This is the 24th day of my participation in the August More Text Challenge

A total of 8 cameras are installed around the car body of Tesla. Image information is collected by installing 8 cameras around the car body during driving, and only 7 of them may be used, because one of the cameras installed under the license plate uses reversing image for parking.

  • A front three-view camera, including a front wide field camera, a main field camera and a narrow field camera, is mounted behind the windshield.

  • There are two on the pillar, basically looking to the side and to the front, and there are two cameras on the b-pillar, which is the partition between the front door and the back door on that black part

  • There are two cameras on the side turn signals to look behind the vehicle, actually on either side of the car’s front baffle

The field of vision of these cameras overlaps each other to ensure that there are no blind spots when the vehicle is walking.
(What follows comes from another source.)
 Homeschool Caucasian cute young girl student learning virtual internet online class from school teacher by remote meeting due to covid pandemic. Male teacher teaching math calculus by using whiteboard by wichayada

Except for the front three-eye camera, the other four cameras basically guarantee the L3 level functions of Tesla: lane change, merging and high-speed exit. As can be seen from the live photos, the adjacent left and right lanes are indeed taken care of without dead corners.

The autopilot system can not only use target detection in 2D image space, but also need a top-down aerial view. The traditional method is to create a occupancy tracker, which projects 2D images into 3D space. This can be used to join different images at different time points. The tracker can only create a small local map without considering the association of images at different time points. To help the car wind its way through the parking lot).
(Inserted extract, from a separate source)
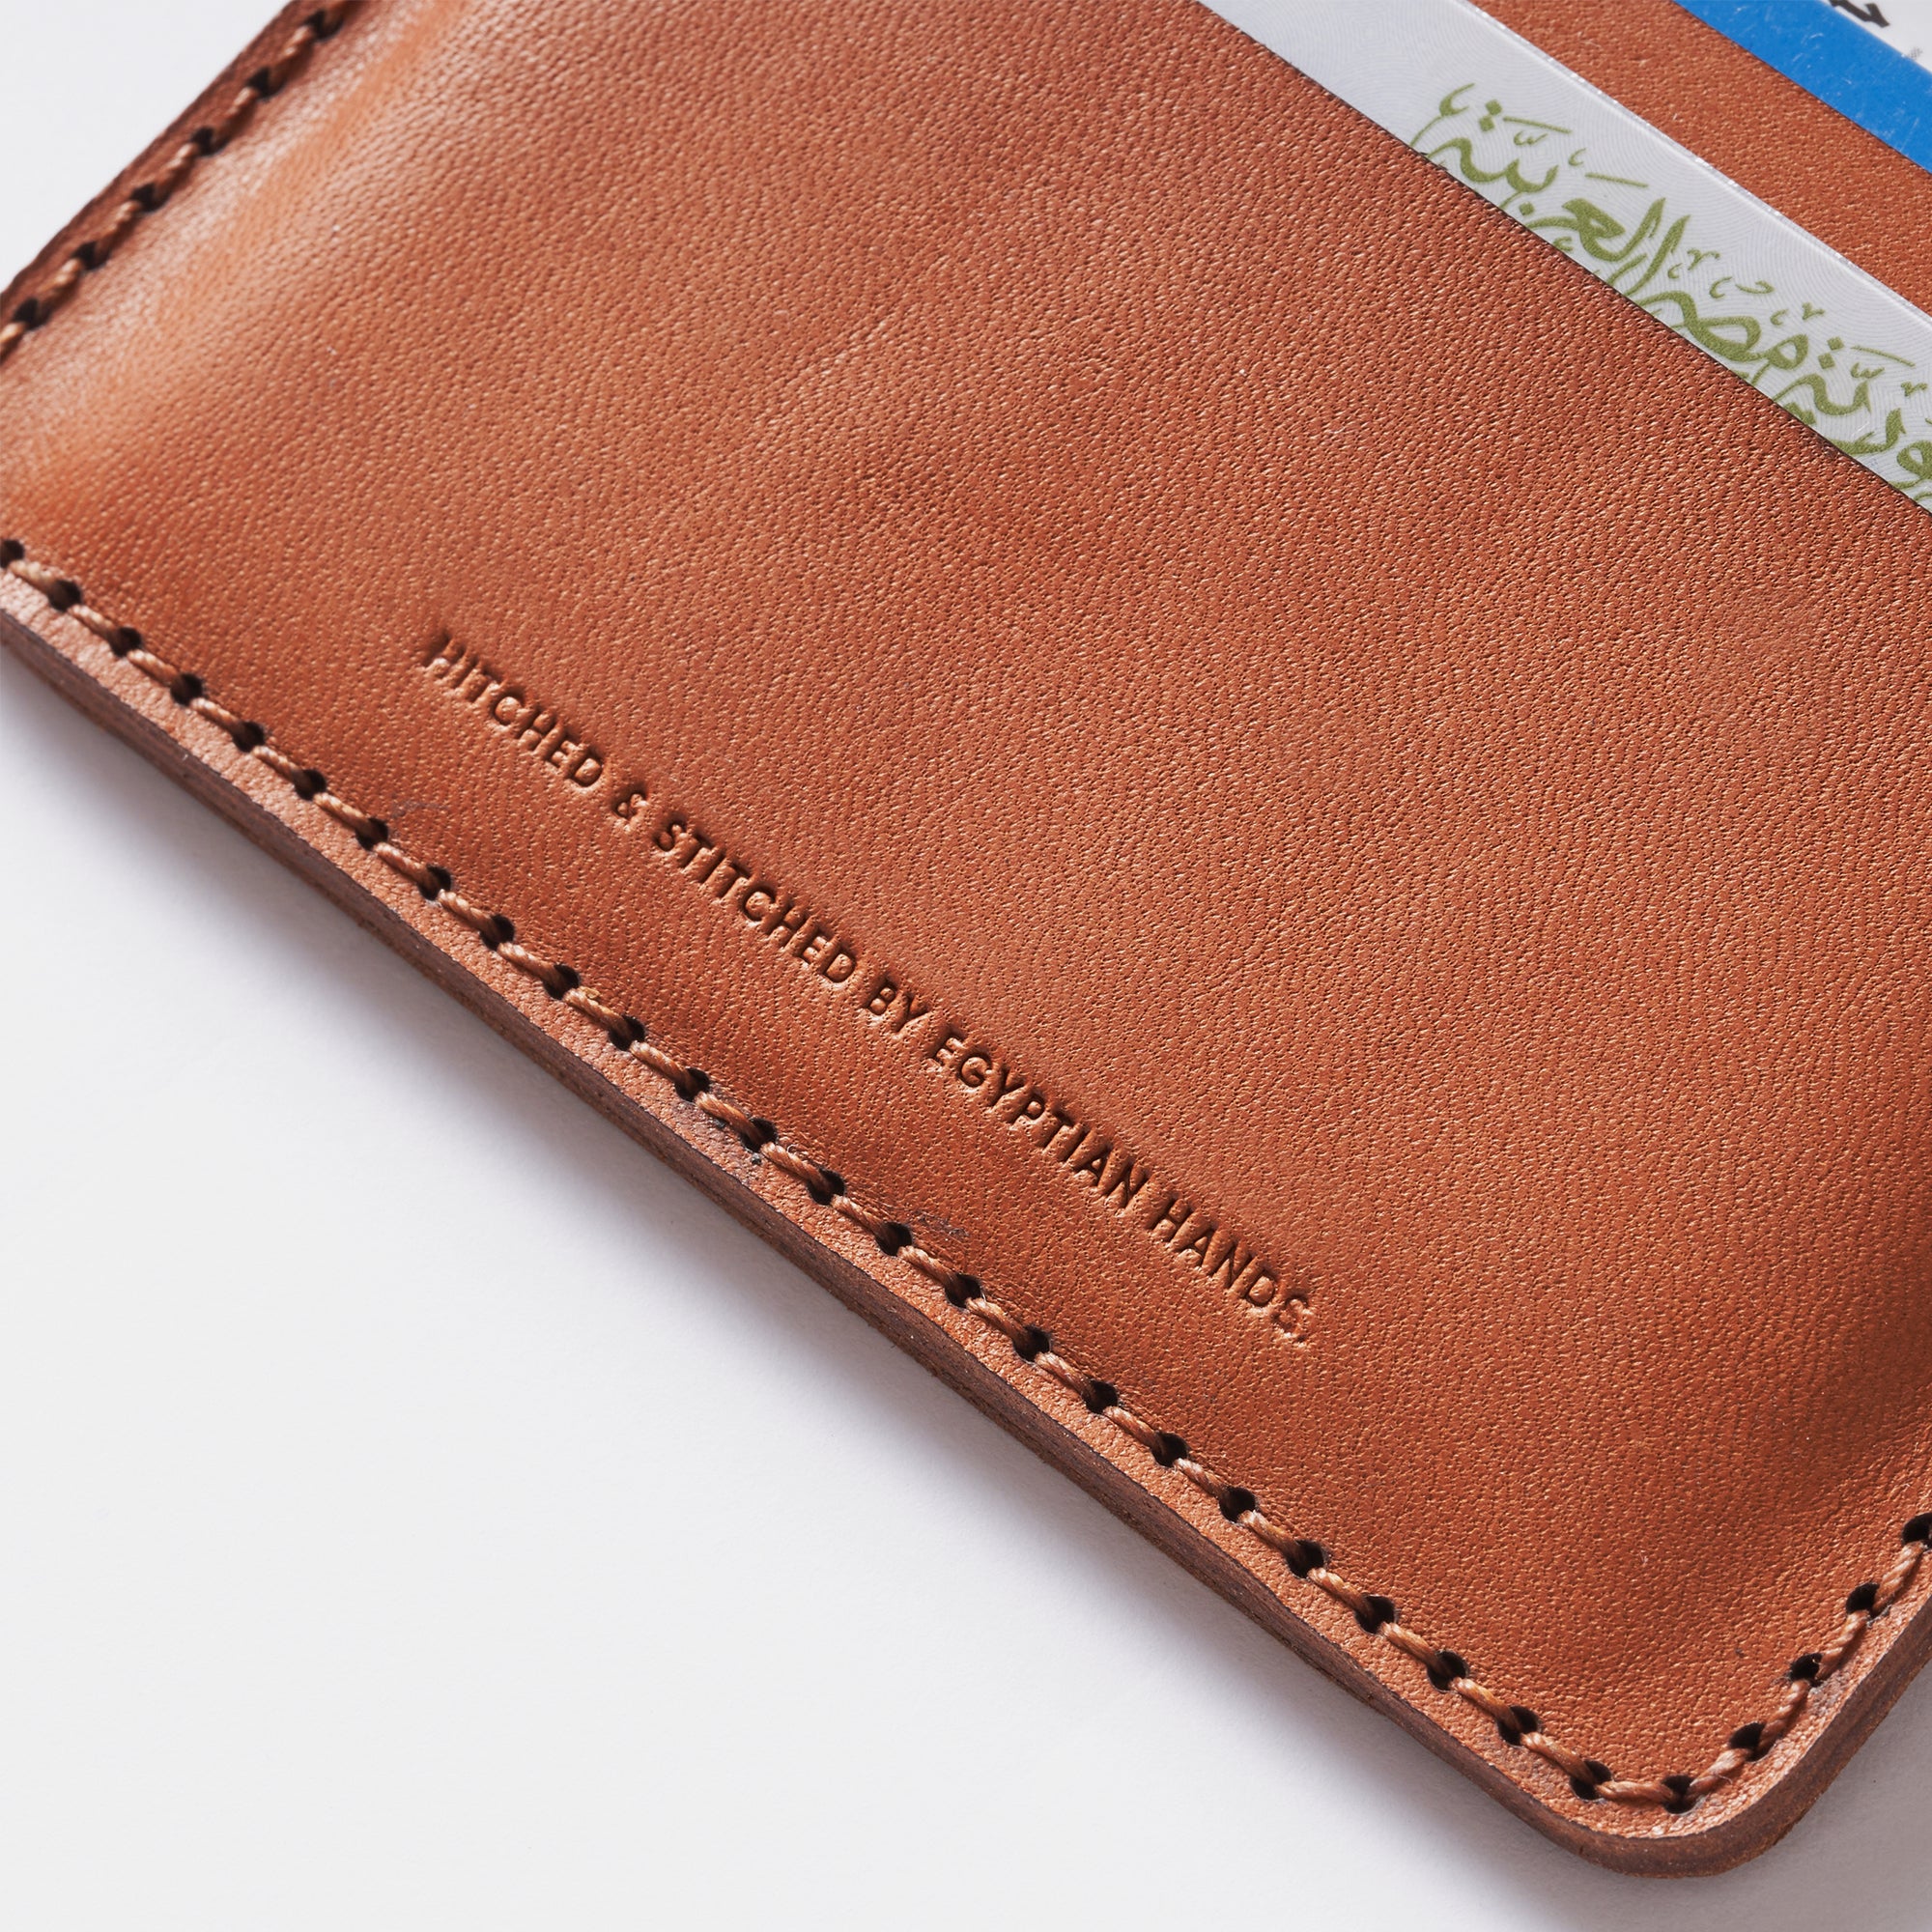 Brown leather bifold wallet with embossed text and visible stitching, partially filled with cards.

However, there are many problems with stitching because the cameras are pointing in arbitrary directions and it is difficult to align the images between different cameras. Very difficult to develop. Such problems have been tried, is a more difficult task to do.
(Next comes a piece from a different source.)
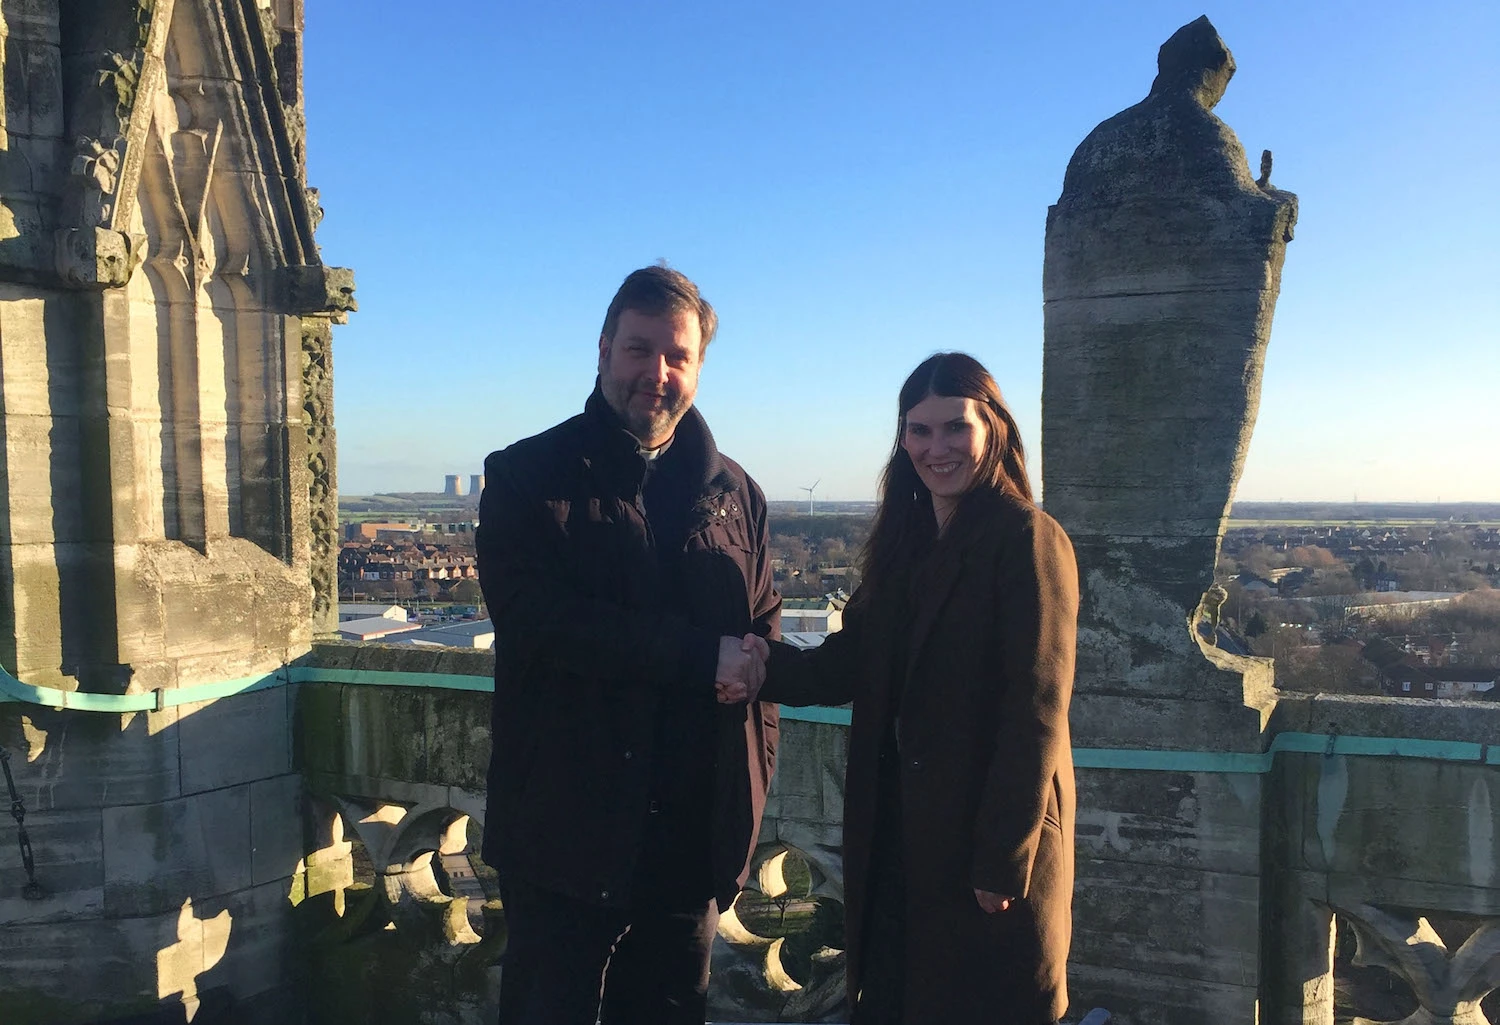 Vicar of Selby Abbey, The Reverend Canon John Weetman with Hayley Silvester, Head of Sales, Quickline, on top of Selby Abbey

To provide the function of vehicle call, the vehicle or neural network is required to provide a map needed for the vehicle to drive. Among the cameras around the vehicle, no one camera can see all the situations around the vehicle. Then how to integrate the images of these cameras into one image should first look at the benefits of doing so. Through the splicing of multiple views, the complete information around the vehicle can be obtained. The information is continuous and consistent, and the complete information is conducive to the correct judgment. It also facilitates more accurate target prediction. However, it is difficult to suture images with traditional feature and edge extraction. Here Karpathi uses neural networks to train a neural network again. In order to obtain accurate information, the stitching process is not only the spatial stitching and stitching of multiple camera images, but also the time, that is, what was seen in the last second, what was seen now, and what will be seen in the next second. Through time and space multiple image information fusion, I believe it will get better results, but the key is fusion, how to fusion is the key.

After image information is collected by 5 cameras, features are extracted from the backbone network, and these features are fused.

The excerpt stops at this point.